They’re widening the street/ Clogged with traffic/ They’re felling the poplars
The bulldozers take a run-up/ And with a single blow/ Knock down the trees
One poplar just trembled/ Withstood the iron
The bulldozer pulls back/ From her noisily/ Prepares for the final charge
In the huddle of passers-by/ There’s an elderly man
He takes his hat off to the poplar/ Waves his umbrella at her/ And shouts at the top of his voice
Don’t give in love
Vasco Popa (1922-91) Translated by Anne Pennington
From the publisher: “A unique anthology of poems–from around the world and through the ages–that celebrate trees.
For thousands of years humans have variously worshipped trees, made use of them, admired them, and destroyed them–and poets have long chronicled the relationship. Poets from Homer and Virgil to Wordsworth, Whitman, and Thoreau, from Su Tung P’o and Basho to Czeslaw Milosz and W. S. Merwin have celebrated sacred groves, wild woodlands, and bountiful orchards, and the results include some of our most beloved poems.

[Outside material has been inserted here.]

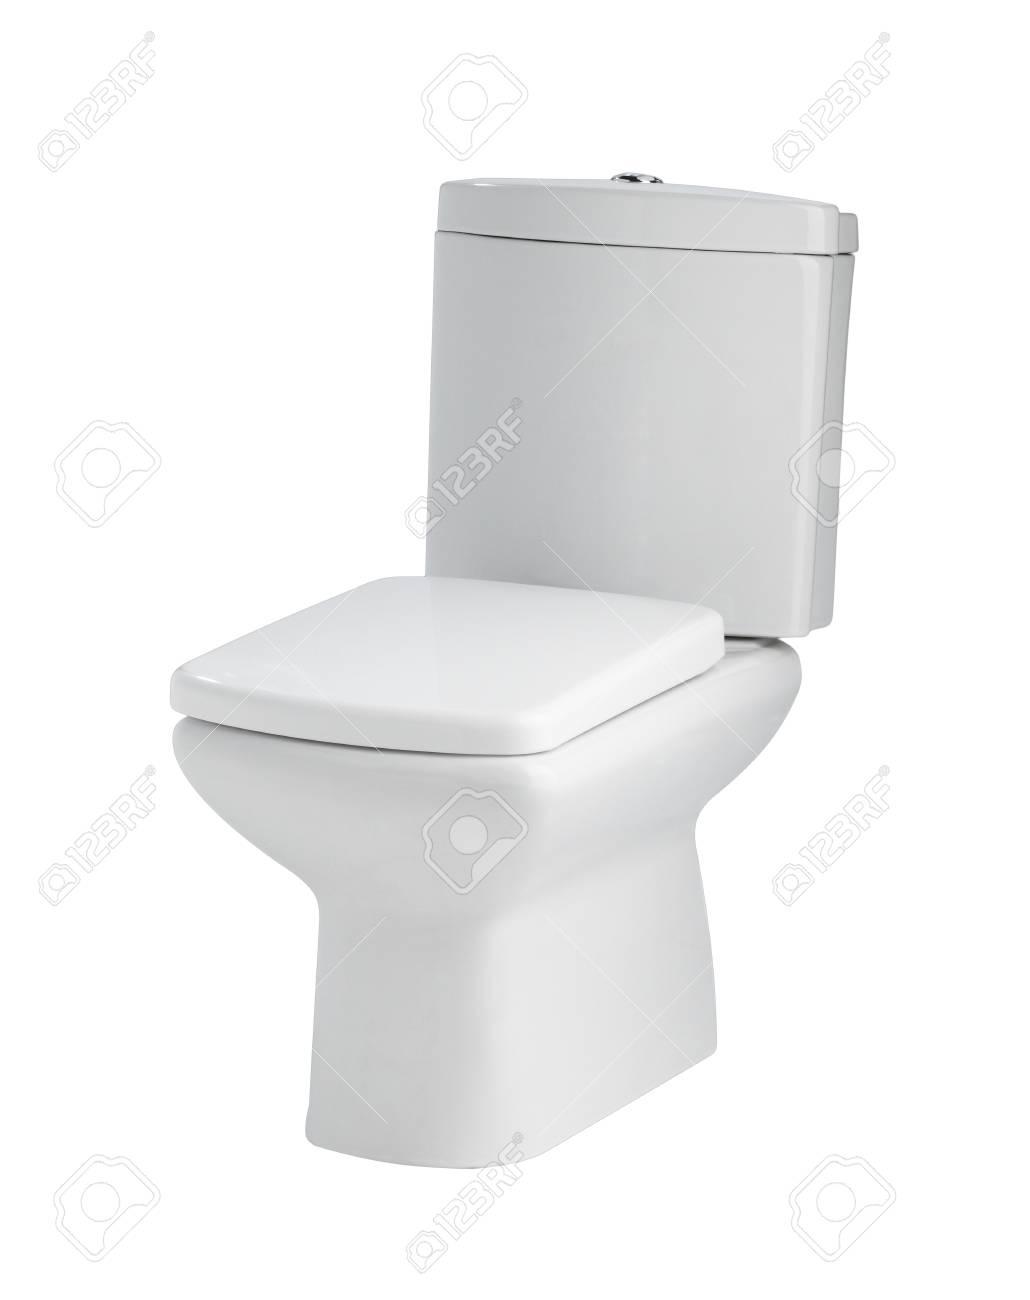 Nice And Beautiful Design Ceramic Toilet Bowl Stock Photo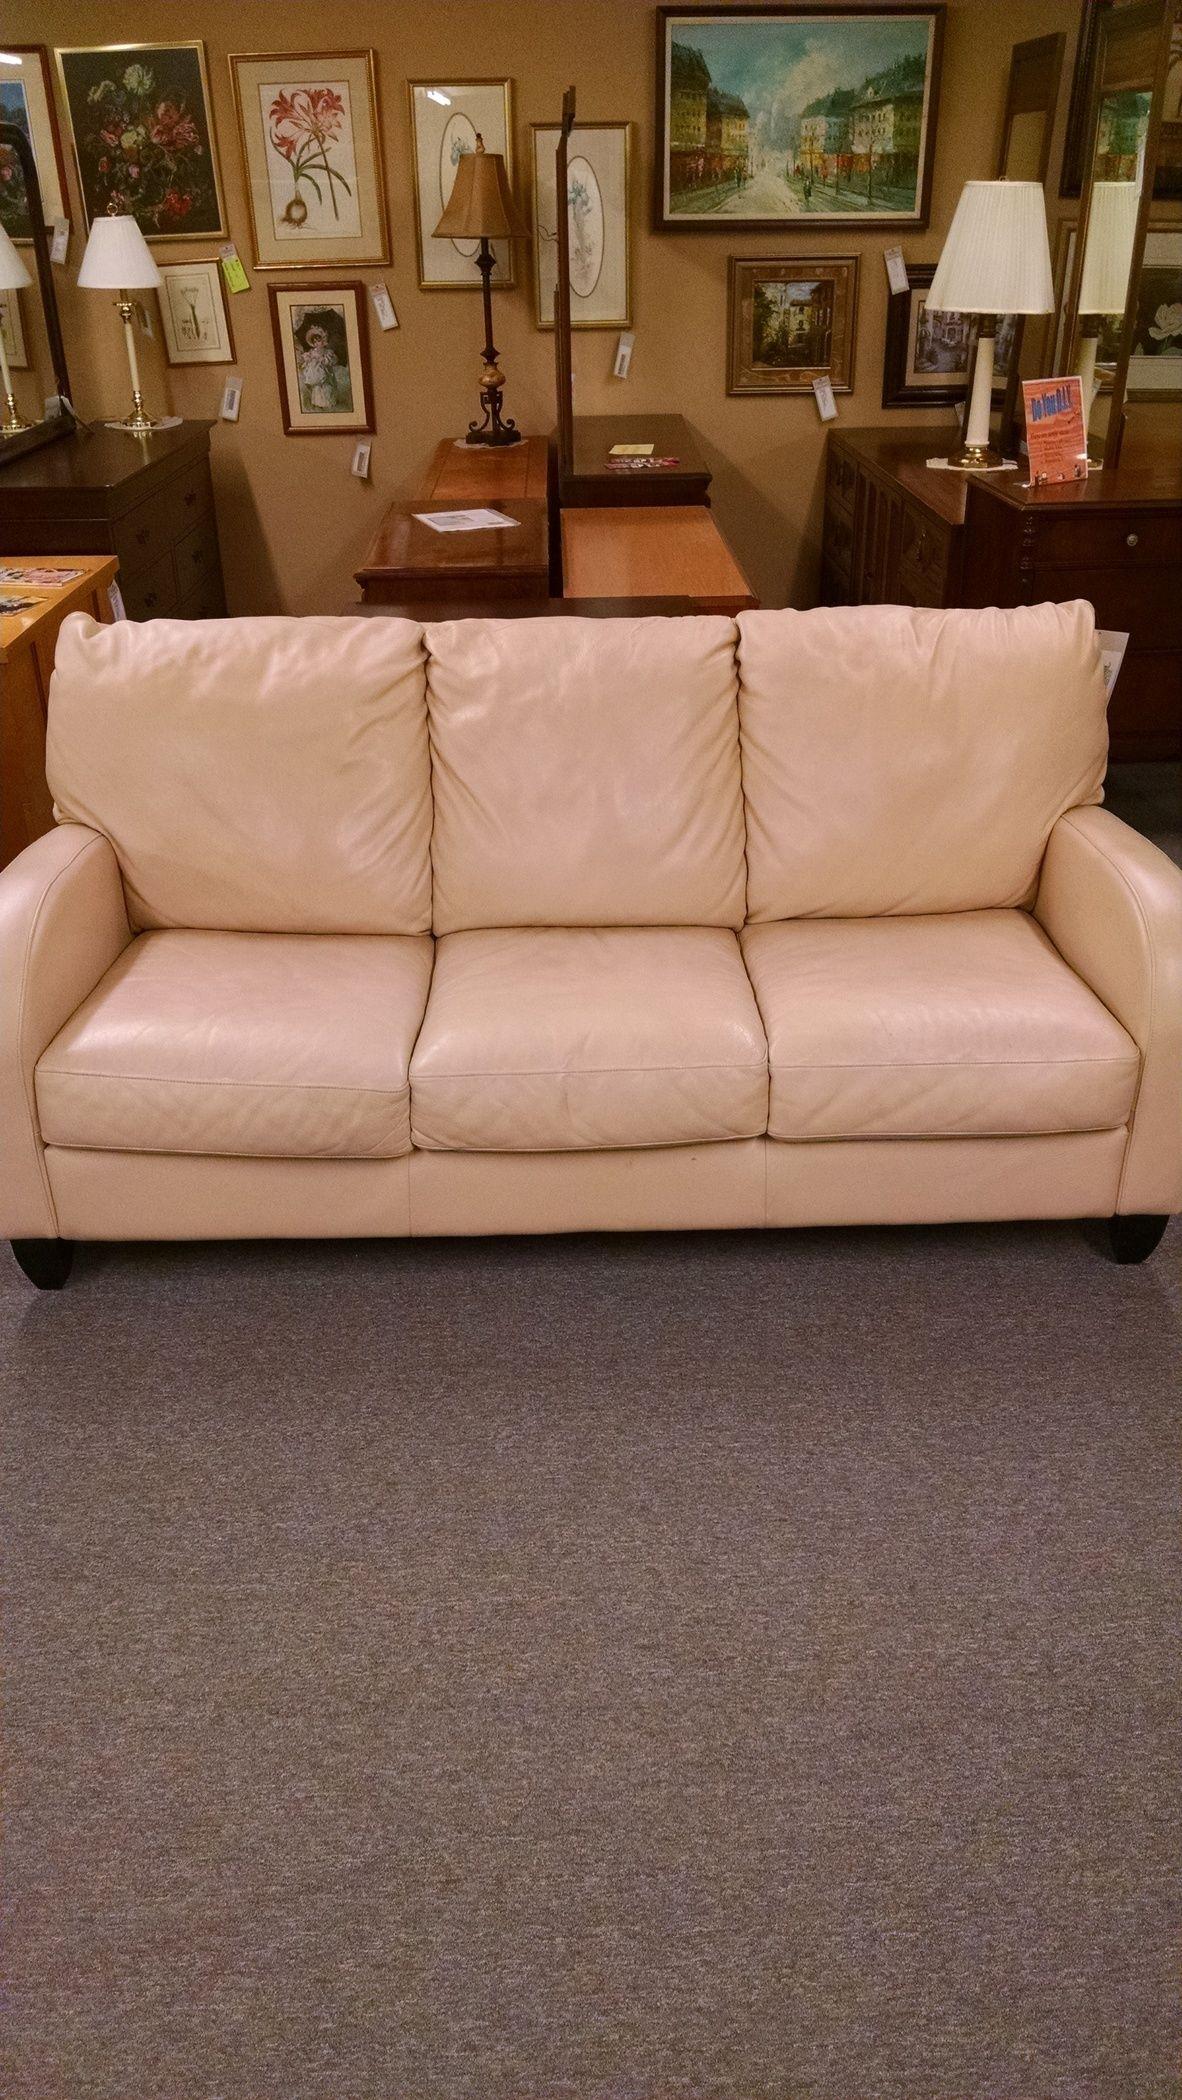 cream colored leather sofas sofa protector for dogs color delmarva furniture consignment

Robert Frost’s “Birches,” Marianne Moore’s “The Camperdown Elm,” Gerard Manley Hopkins’s “Binsey Poplars,” and Zbigniew Herbert’s “Sequoia” stand tall beside Eugenio Montale’s “The Lemon Trees,” Yves Bonnefoy’s “The Apples,” Bertolt Brecht’s “The Plum Tree,” D. H. Lawrence’s “The Almond Tree,” and A. E. Housman’s “Loveliest of Trees.” Whether showing their subjects being planted or felled, cherished or lamented, towering in forests or flowering in backyards, the poems collected here pay lyrical tribute to these majestic beings with whom we share the earth.”